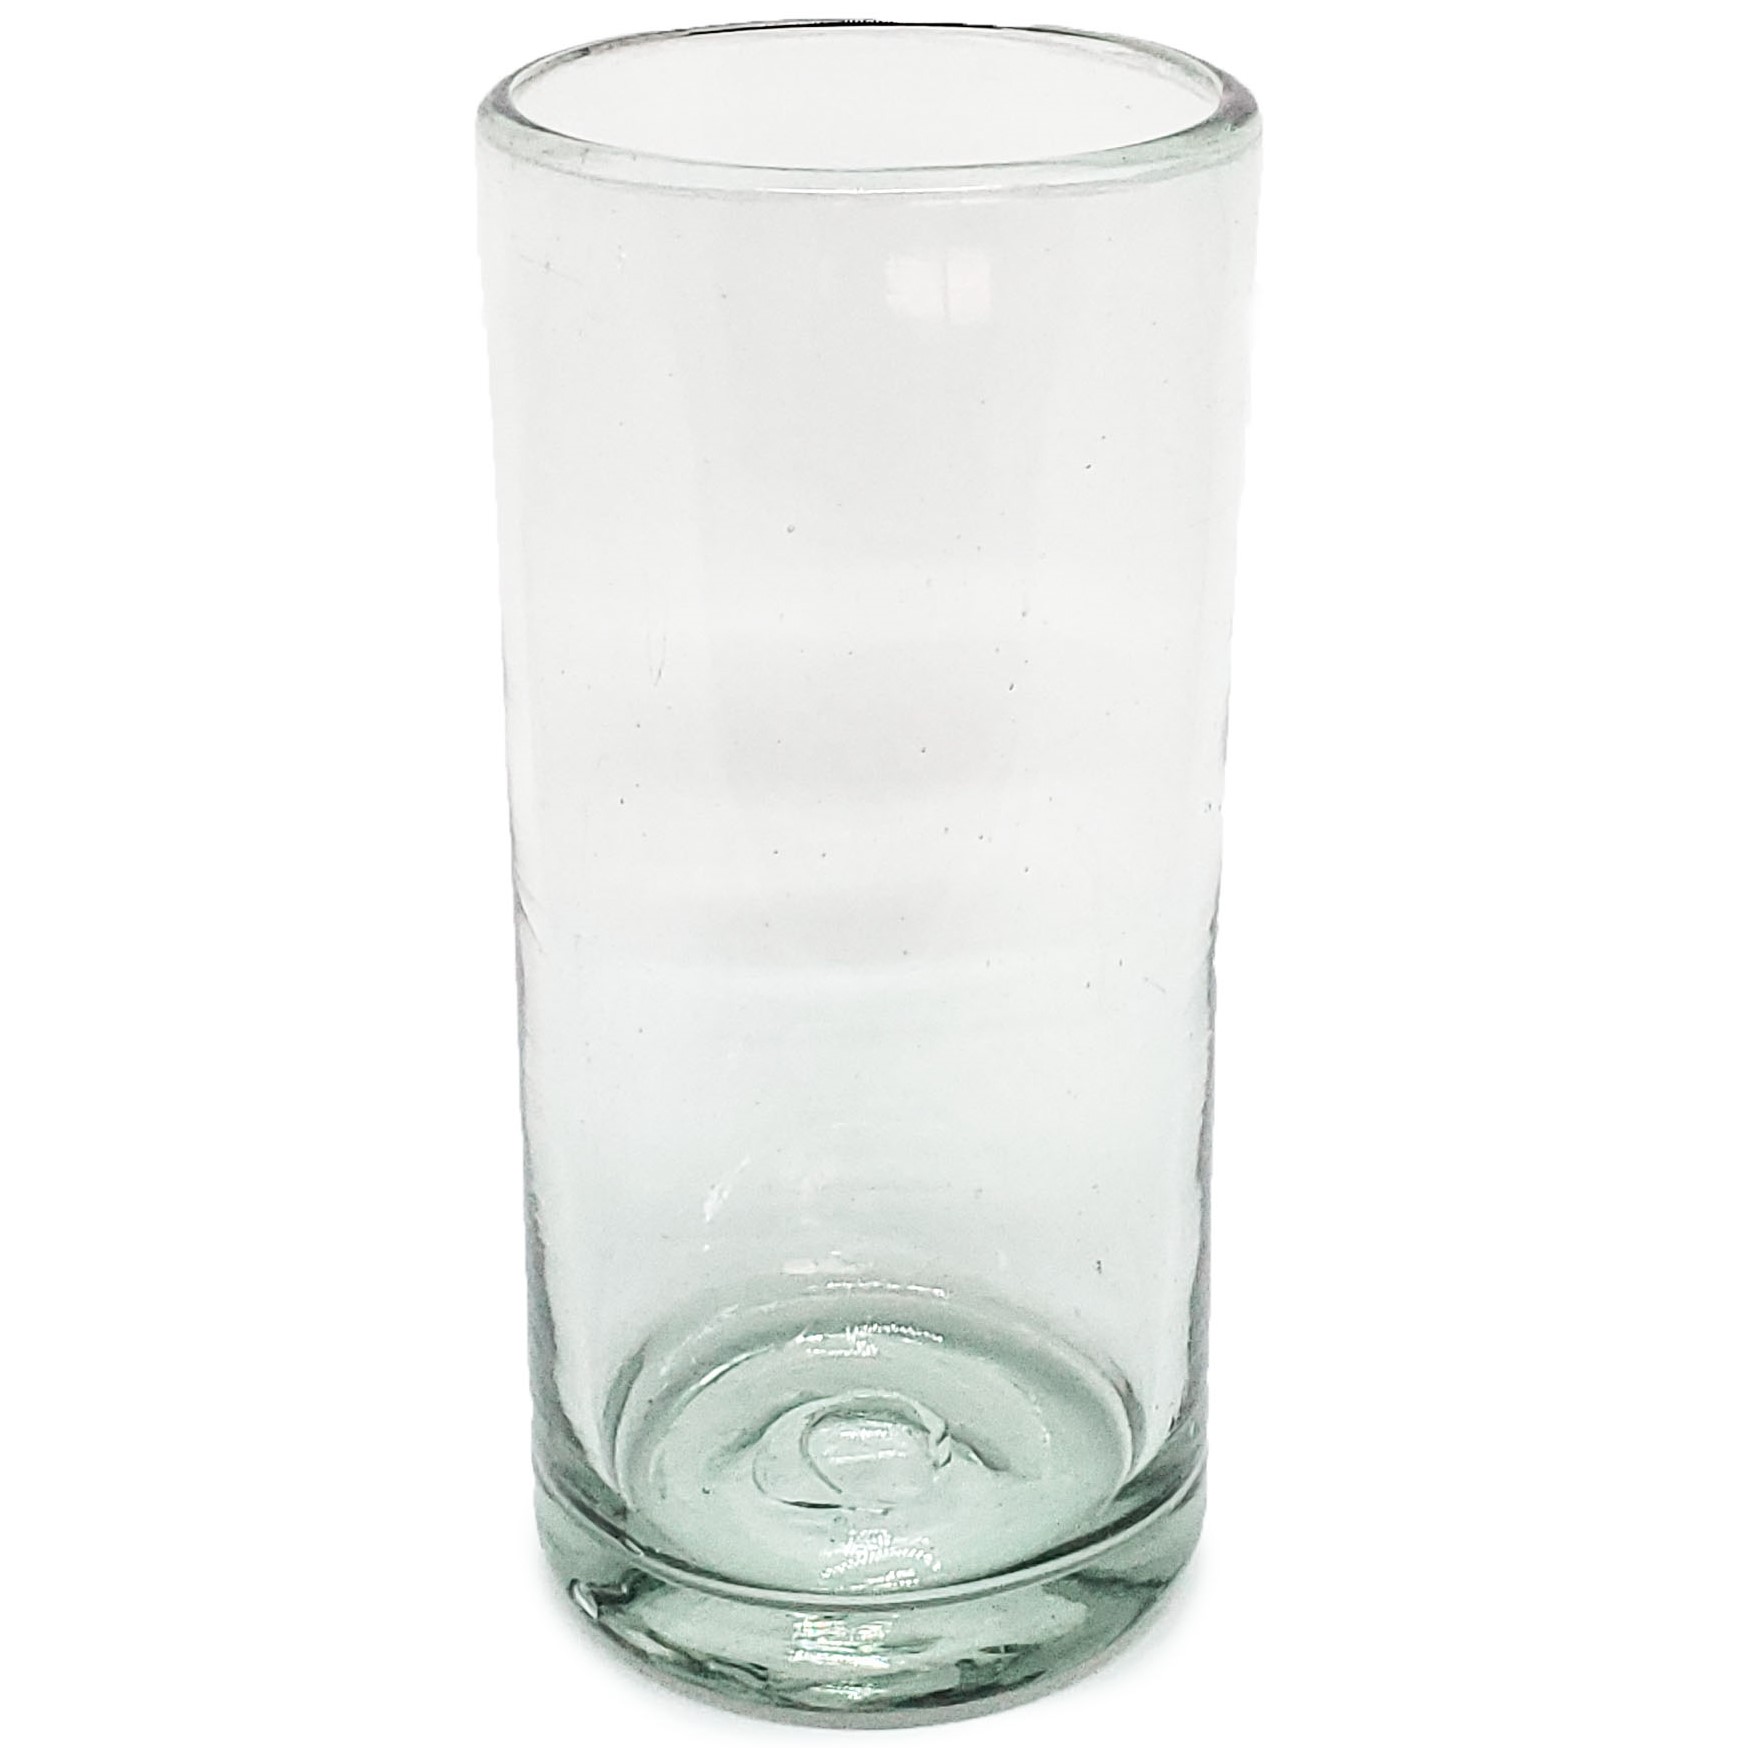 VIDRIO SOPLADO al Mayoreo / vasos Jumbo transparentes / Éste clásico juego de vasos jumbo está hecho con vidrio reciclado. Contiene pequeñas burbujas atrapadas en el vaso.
--
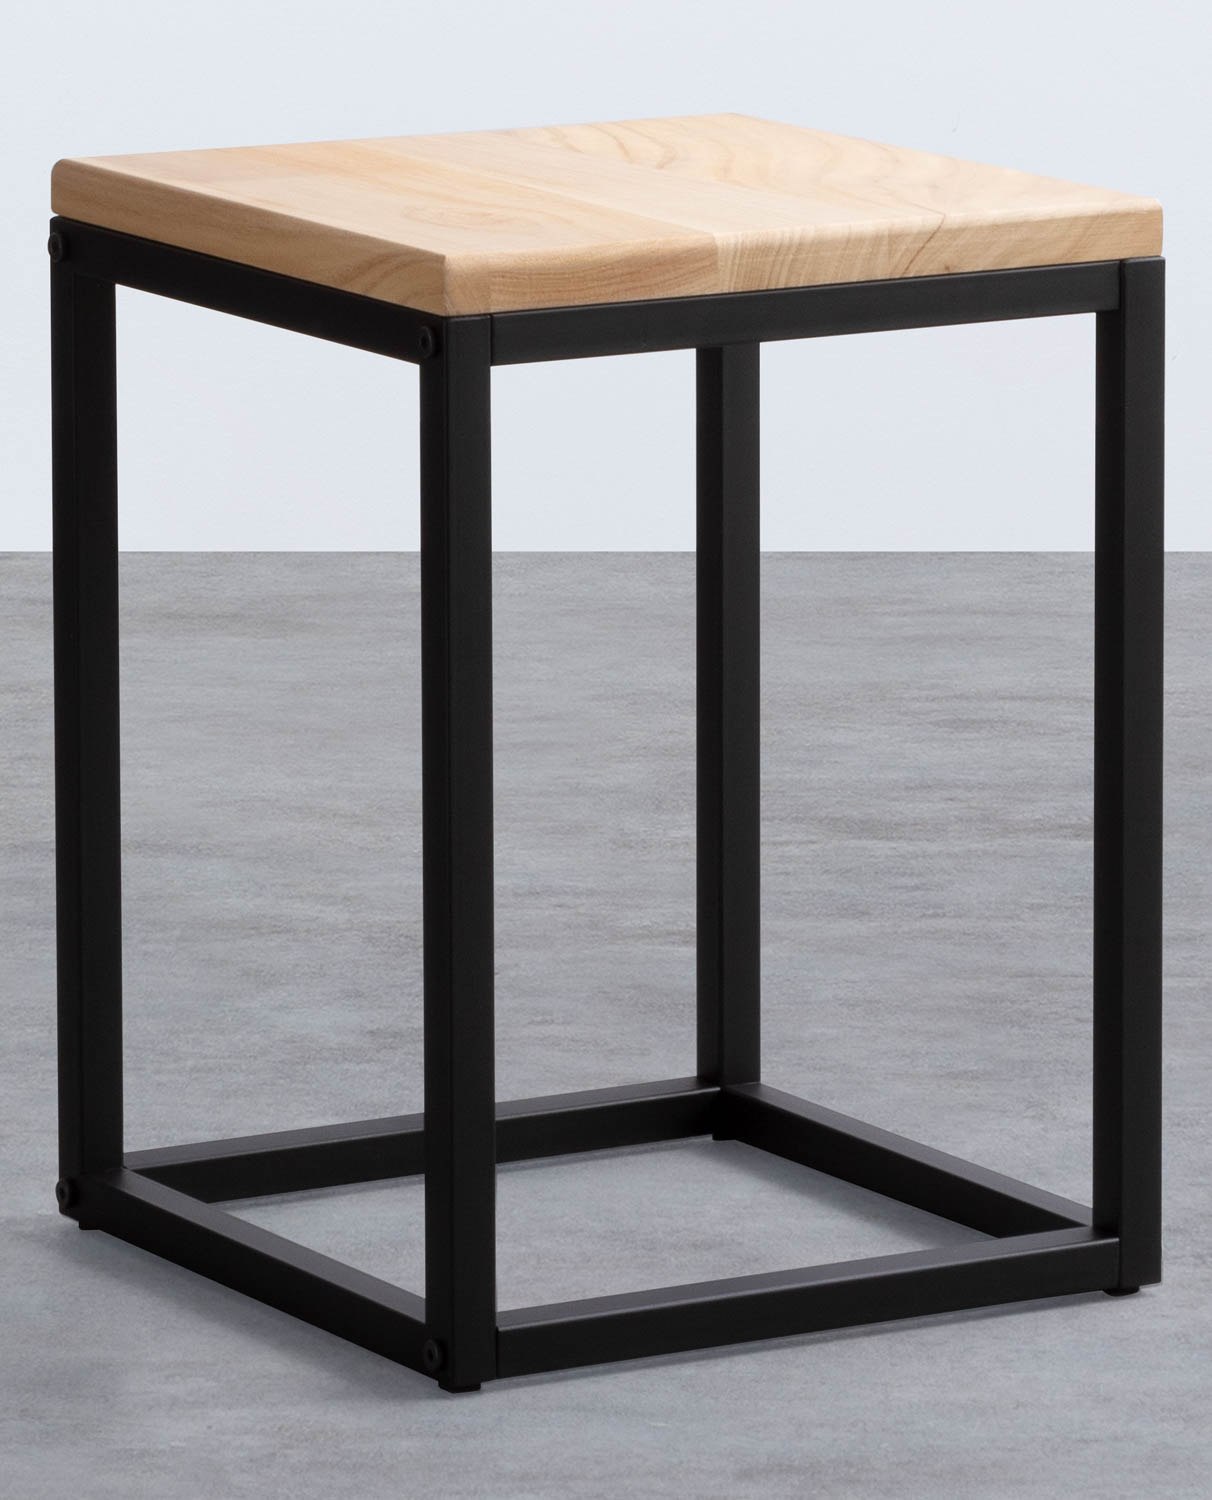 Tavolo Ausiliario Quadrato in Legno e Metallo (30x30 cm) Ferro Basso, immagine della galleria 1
--
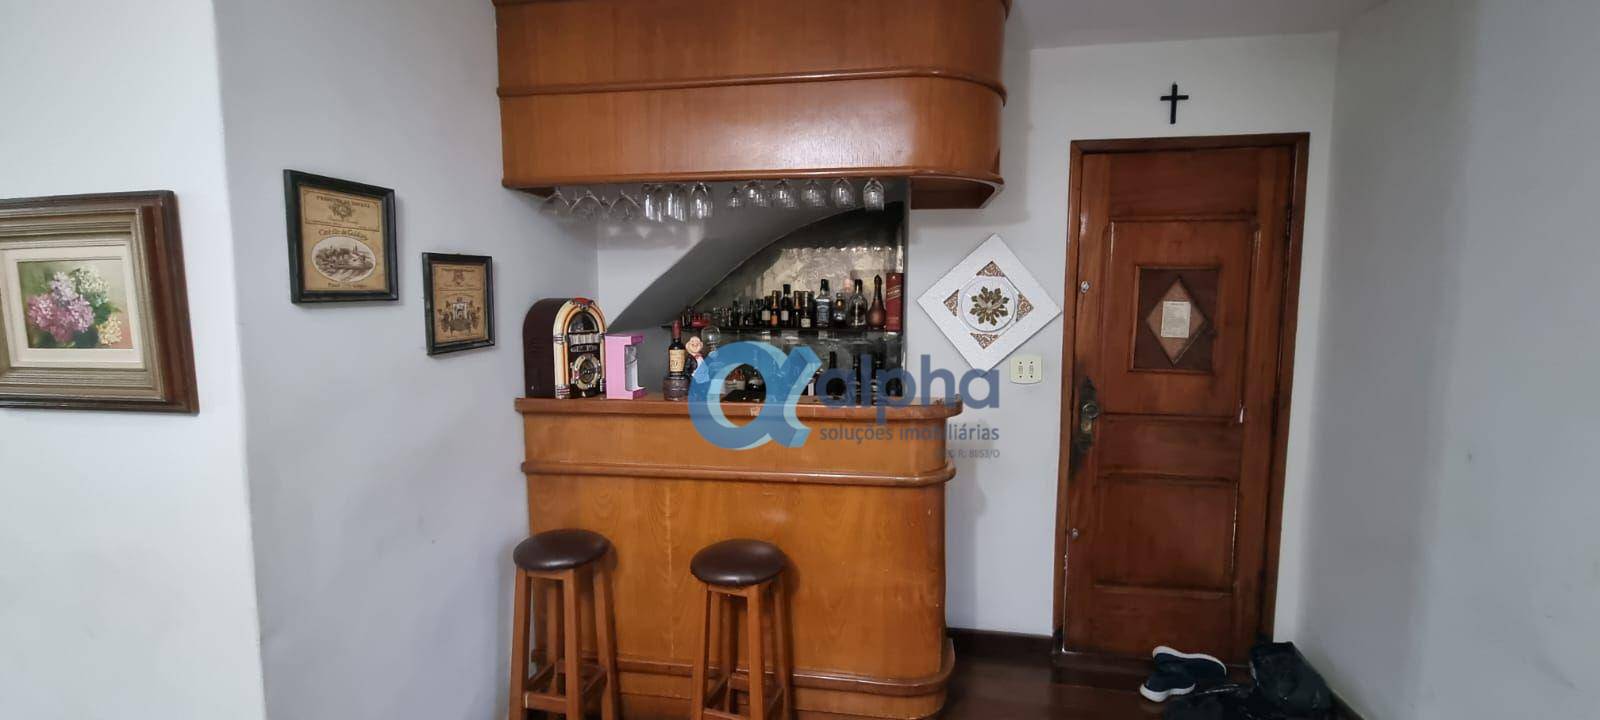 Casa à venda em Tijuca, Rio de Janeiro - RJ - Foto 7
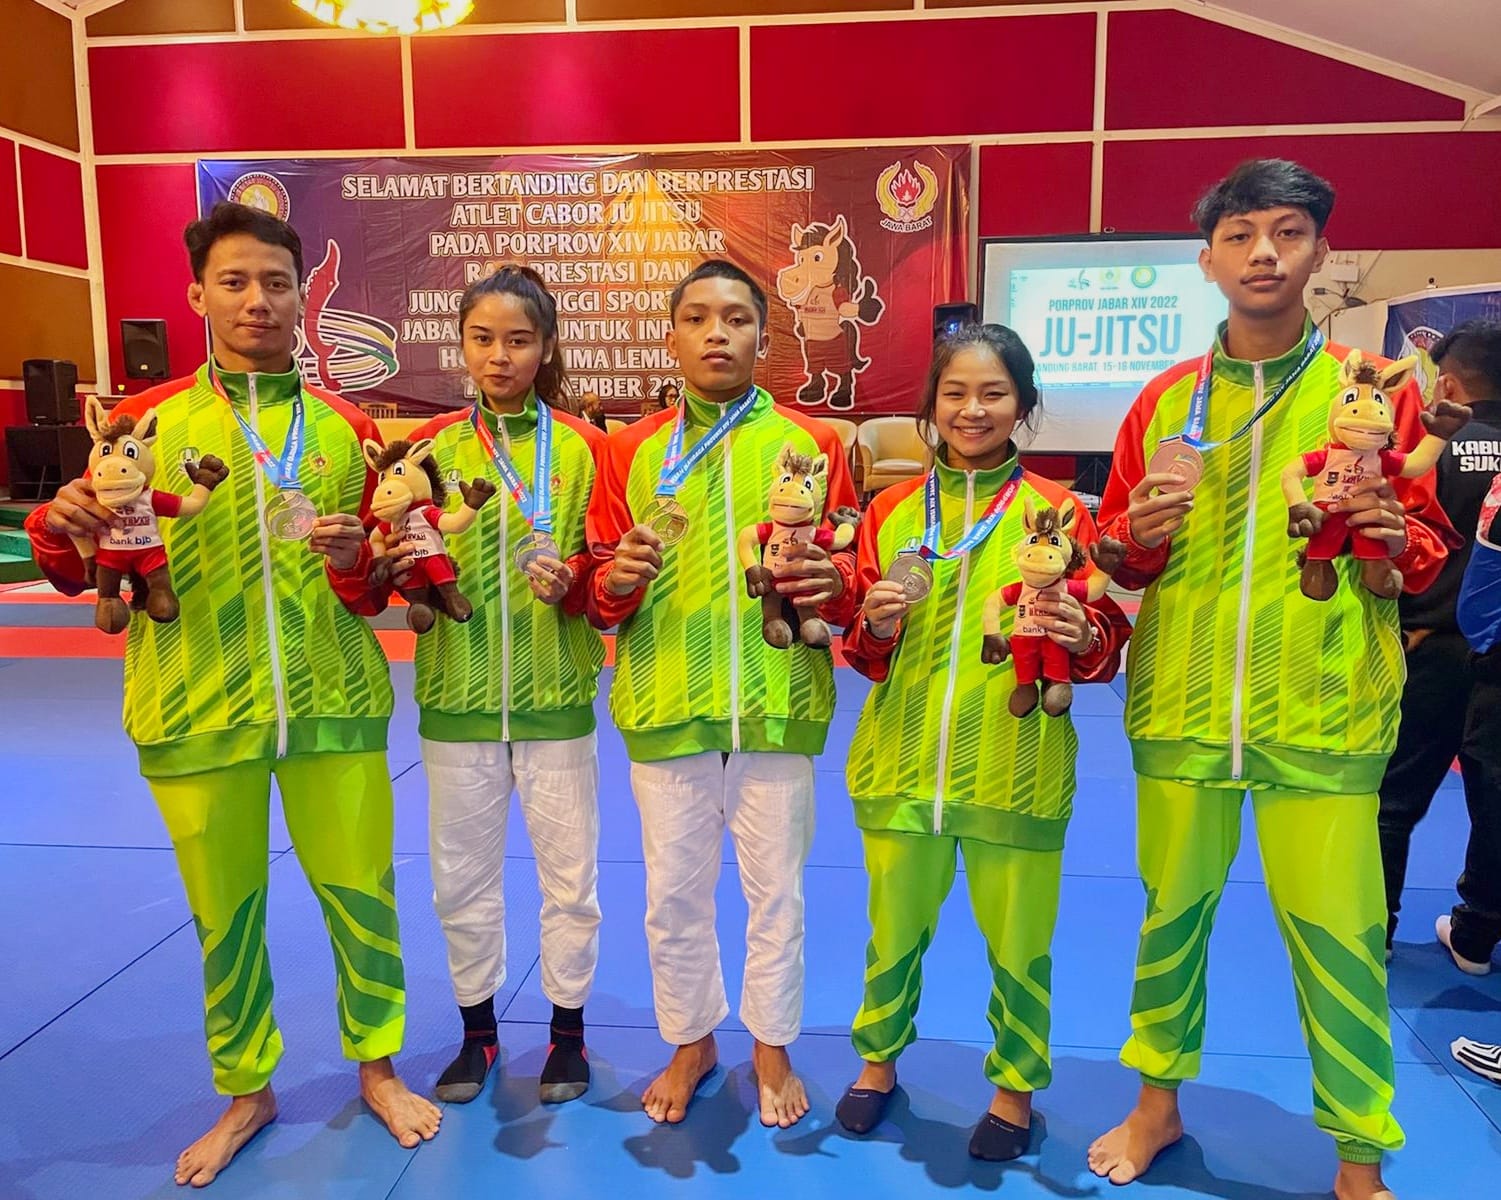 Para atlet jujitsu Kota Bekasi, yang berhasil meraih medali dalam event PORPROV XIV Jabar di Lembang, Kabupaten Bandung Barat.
--
What is required:
Starting at the line containing "Casa à venda" and stopping at the line containing "Para atlet jujitsu", output each line exactly as it appears above. Leave out the pictures.

Task output:
 Casa à venda em Tijuca, Rio de Janeiro - RJ - Foto 7
 Para atlet jujitsu Kota Bekasi, yang berhasil meraih medali dalam event PORPROV XIV Jabar di Lembang, Kabupaten Bandung Barat.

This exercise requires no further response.